A summary by Bankrutpcy Attorney Brian D. Lerner on Chapter 13 Proceedings and how you can save your house by properly filing a Chapter 13 Bankruptcy.

Question: I am over my head in the bills and I have not been able to pay my house for almost one year. They are going to consider foreclosing on the property. Is there anything I can do to save my house?
Answer: There are several factors which I would have to inquire about. However, if you qualify, the Chapter 13 is a very good petition in Bankruptcy Court to be able to save your house.
Question: How does Chapter 13 work?
Answer: Chapter 13 is filed in Bankruptcy Court under a Plan which would have to be confirmed by the Bankruptcy Court. The payments on a Chapter 13 Plan would be anywhere between three years and five years. It would depend on several factors such as how much you make, what amounts are owning and what is the type of debts that you have. However, 3 years is normally the minimum. Thus, you would have to show at a minimum that you can actually make the payments on the Chapter 13 Plan. It must be feasible.
Question: How do I know what amount I must pay?
Answer: This is known as your disposable income. First, we would take all the income you make and then deduct all the expenses and normal items (some actual and some what the IRS states is normal) and the bottom line would be the disposable income.

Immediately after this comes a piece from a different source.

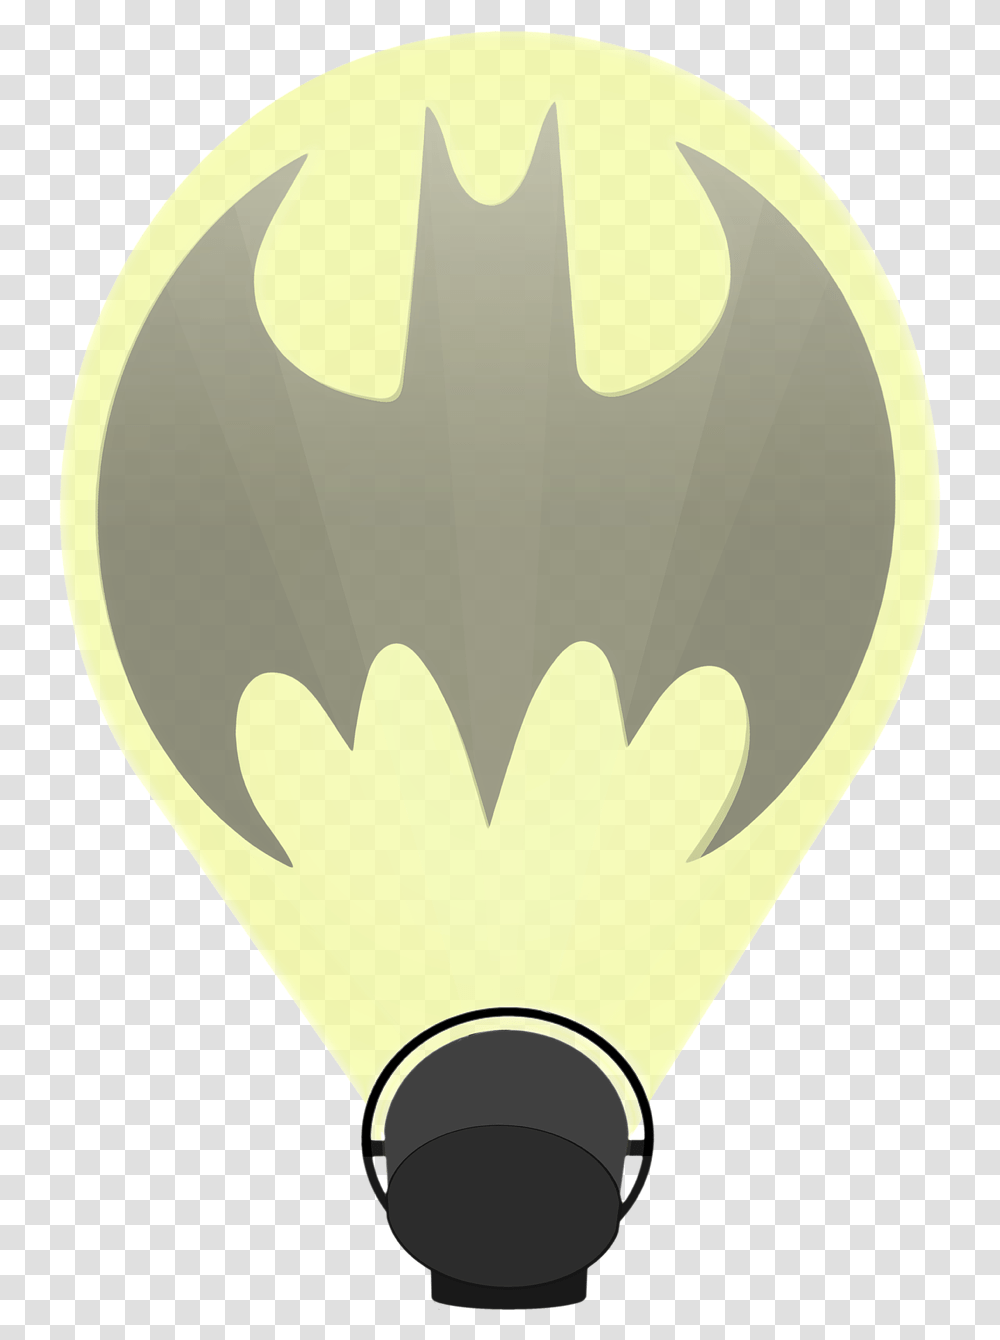 Graphic Batman Bat Signal Free Photo Superhero Pins, Hot Air Balloon, Aircraft, Vehicle, Transportation Transparent Png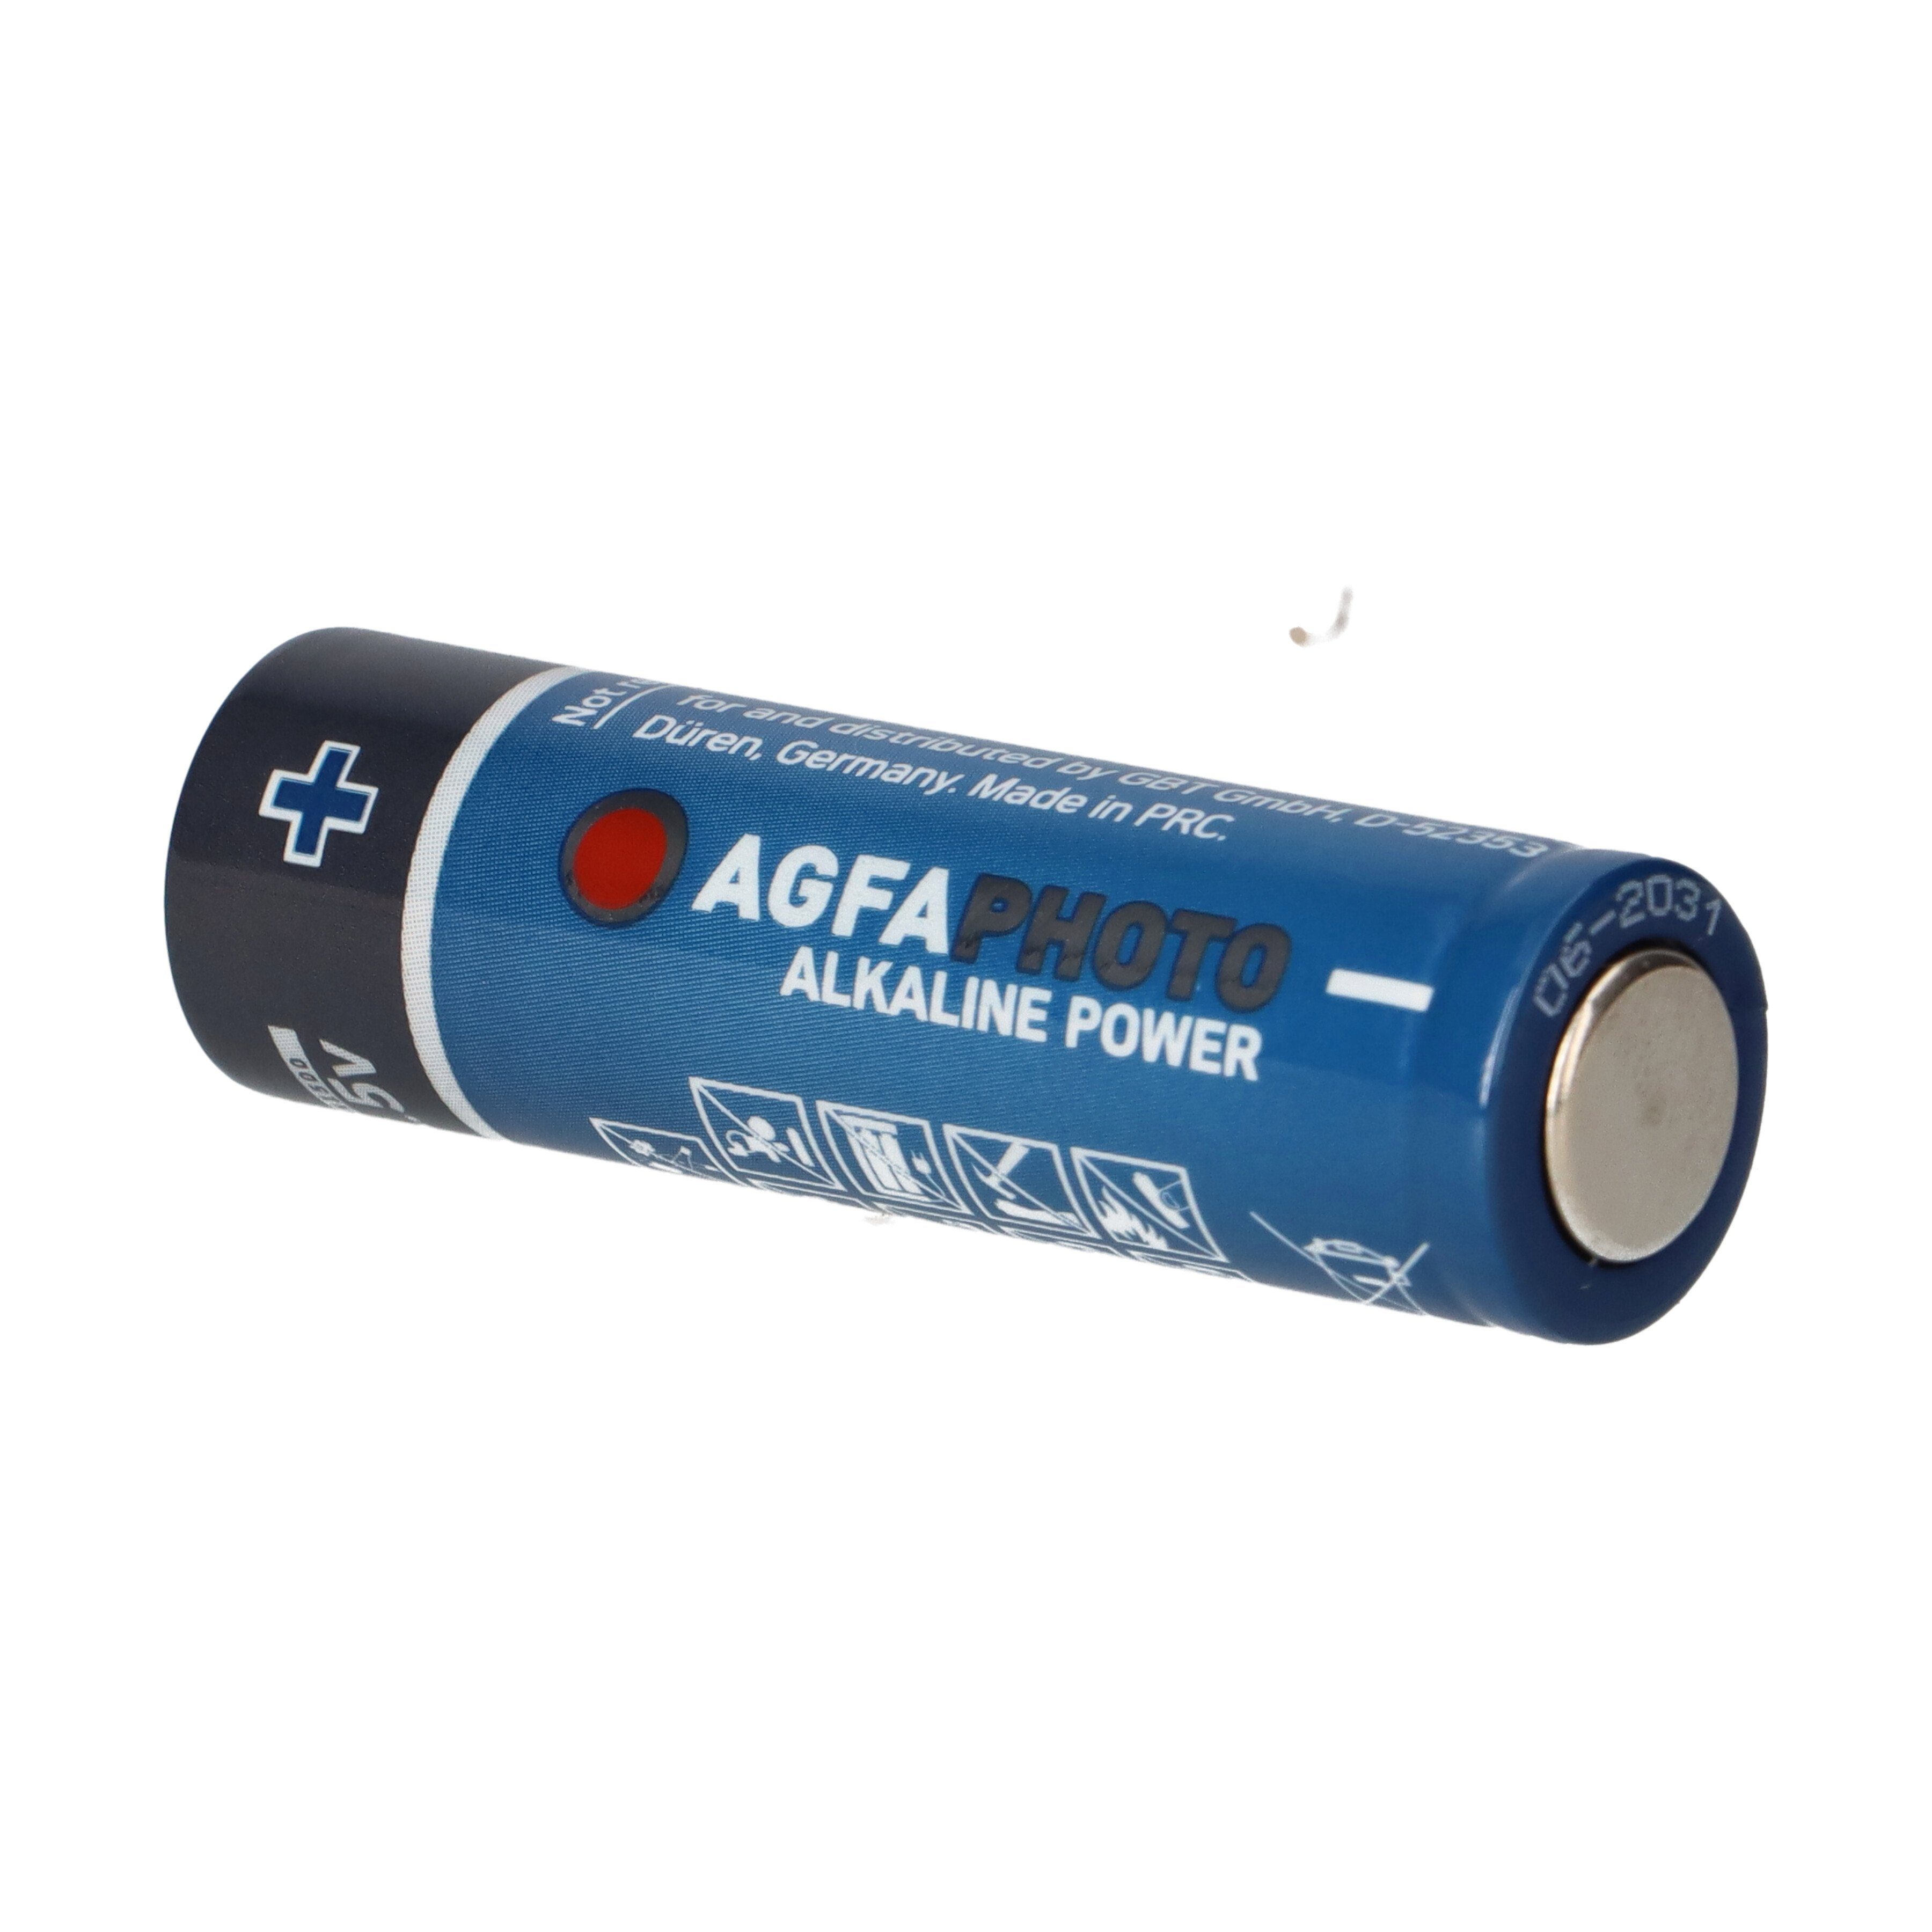 AgfaPhoto AGFAPHOTO AA 24 Mignon 1.5V Stück LR06 Alkaline Batterie Batterie

Question: Will my mortgage be lowered?
Answer: No. However, in a Chapter 13, the types of debts you have will be divided in priorities with the top priority being paid off first, and then the second, and then the third. As the priorities get lower, the chances of paying them through the Plan become less and less likely. For example, let us say you have $50,000 in credit card debt, and $25,000 in loans that are unsecured. These would essentially be categorized as the lowest priority – general unsecured creditors. It is very possible that not a single penny will get paid back to these creditors. Thus, your mortgage is much less of a problem when you do not have to worry about paying back general unsecured debt.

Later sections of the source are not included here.